Roger Dugan, Business Development Director, argues that the role of insolvency practitioners is often misconceived, following allegations of a culture of misconduct within the insolvency sector.
Insolvency and restructuring professionals have recently suffered unduly negative press in the wake of various misconduct findings. While the instances of wrongdoing did indeed involve improper conduct, much of the resulting coverage failed to indicate just how rare misconduct is in the industry. Indeed, in my experience, the corporate rescue and recovery sector is, no different to most other professional sectors. There are of course a few bad apples but the vast majority of professionals, in what can be a highly-pressured, competitive industry where they often encounter challenging demands from different stakeholders, are highly ethical and conscientious.
Of course, it’s easy to see why the wrongdoing in question generated sensational headlines such as that in the Financial Times, which read “Misconduct cases bring UK insolvency ‘wild west’ into focus”. One case cited in the article involved grotesque misconduct relating to an insolvency, which attracted a “£13.5m fine announced this month for KPMG and one of its former partners for helping private equity group HIG force the insolvency of mattress company Silentnight, in order to jettison its £100m pension scheme burden before it bought the business.” Clearly, this is an instance of shocking impropriety.
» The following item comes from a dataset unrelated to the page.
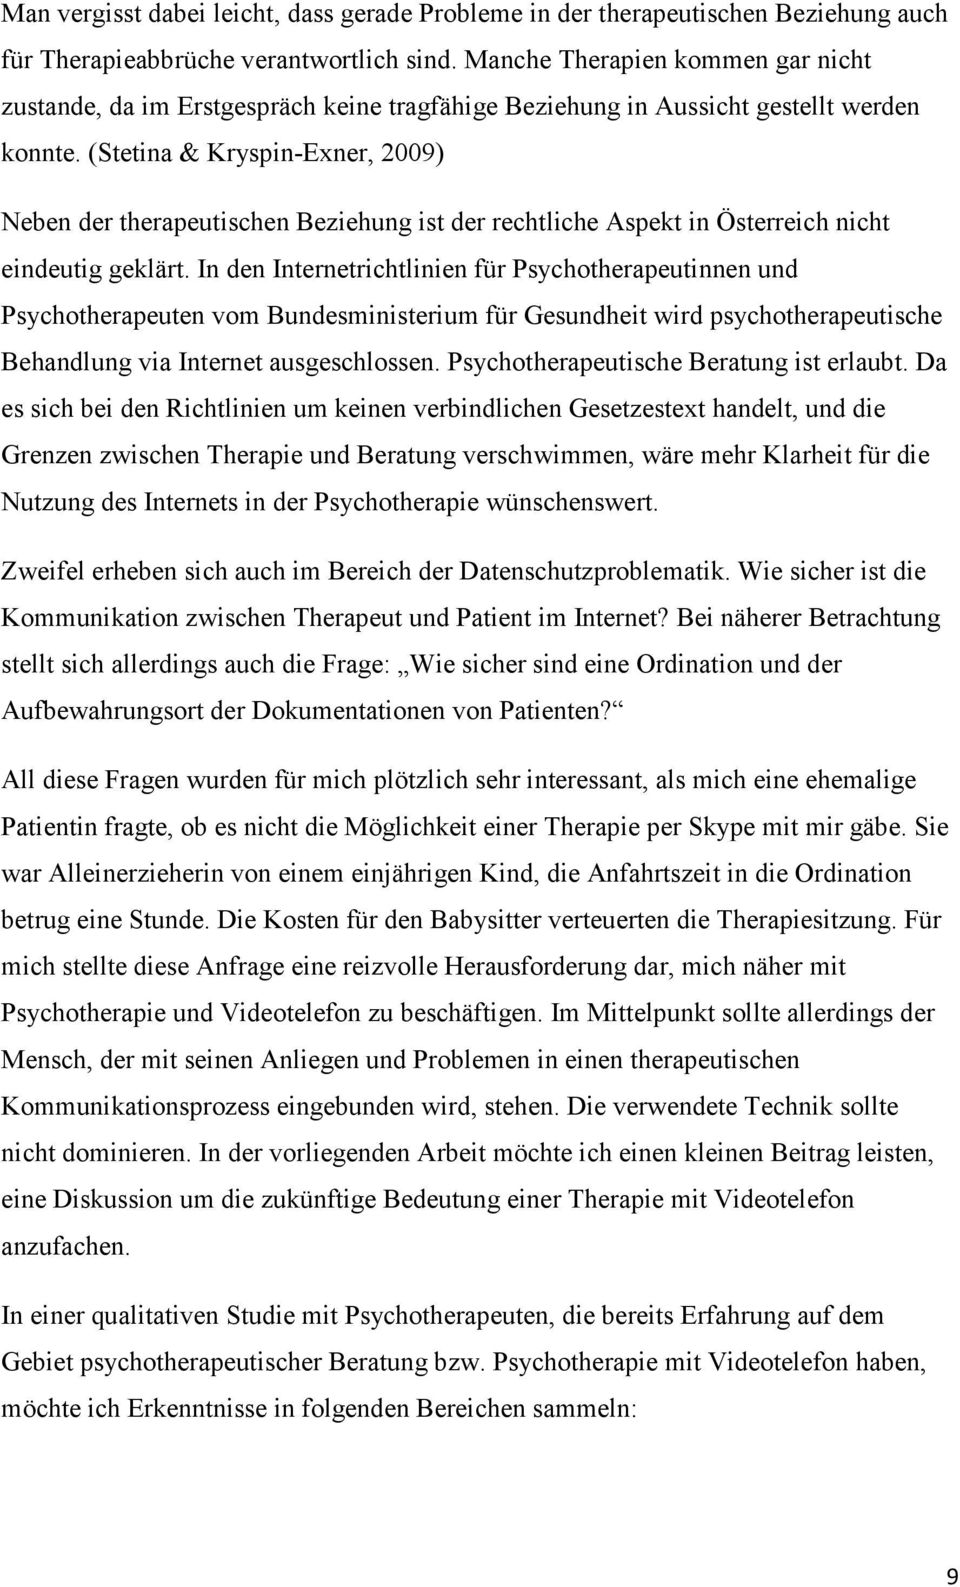 (Stetina & Kryspin-Exner, 2009) Neben der therapeutischen Beziehung ist der rechtliche Aspekt in Österreich nicht eindeutig geklärt.

The other case mentioned in the article is one where “Deloitte and two of its former partners were fined a record £1m last year for failing to ensure there was no conflict of interest when they acted as administrators to collapsed electricals chain Comet Group.” Yet it is also important to note that the relevant enforcement mechanisms worked: the misconduct was detected and duly punished.
Yet the Financial Times article extrapolates from such isolated cases of misconduct unfounded concerns about the entire insolvency sector, which the article correctly says “includes an array of independent firms as well as the Big Four accounting groups and their smaller rivals”. The article even quotes an unnamed “senior auditor” as saying that “In all of the accounting firms the restructuring teams are the wide boys and girls,” and that “auditors and accountants are saints by comparison.”
The tone of this article seems to me a one-sided over generalisation of the “bad apple” perspective. This jaundiced view seems to be based on isolated cases of misconduct and hearsay in the form of colourful statements. It is not a perspective that I think we should subscribe to. In my view, the proper role of restructuring and insolvency professionals is often misconceived, even within the wider accountancy and legal sectors.
It is important that people better understand the role and function of insolvency practitioners ahead of what is going to be a difficult couple of years. It is widely anticipated that we will probably soon see a wave of insolvencies as the government withdraws its Covid-19 support schemes. The pandemic saw a reduction in the number of insolvencies, as government support such as the Bounce Back and Coronavirus Business Interruption Loan Scheme loans were granted to businesses on a large scale.
The data shows that in 2020, the number of UK companies registered for insolvencies decreased by 27 percent when compared to 2019. This pattern is believed to have continued into 2021, as supports were extended. The government’s generous support often had the unintended effect of keeping businesses on the brink of insolvency in a state of suspended animation, the “zombie” company that may often hold back innovation and renewal. An artificially created backlog of insolvencies can therefore be expected to break in the near future.
It’s easy, of course, to crudely associate insolvency practitioners with companies in a state of financial disaster, around which rumours of misdeeds may swirl. Yet that is rather like blaming firefighters for house fires, on the basis that they always seem to be around when there is a fire. Of course, those working in the rescue and restructuring space are only called to the scene when serious problems have already emerged.
When wrongdoing has occurred, however, the phenomenon of guilt by association can arise. Absurdly, insolvency practitioners are often lumped in with other players who are rightly blamed by investors and stakeholders when a company collapses. Yet insolvency practitioners have of course merely “arrived at the scene of the accident” in order to rescue the business or minimise the damage. It is only with support from creditors and others, including funders, that they will be able to bring those who are truly culpable to account.
Media headlines surrounding insolvencies tend to focus only on newsworthy failures of large high street companies. This focus on high-profile business collapses overlooks the reality that the vast bulk of work done by insolvency practitioners involves providing turnaround advice when consulted early, thereby saving businesses and jobs. Even where a business must ultimately be wound up, insolvency practitioners can use their expertise to help salvage as much as possible, reducing losses, which is to the benefit of employees, shareholders and creditors. If UK insolvency is akin to the “wild west”, then I think it’s clear that insolvency and restructuring practitioners are staunchly on the side of law and order.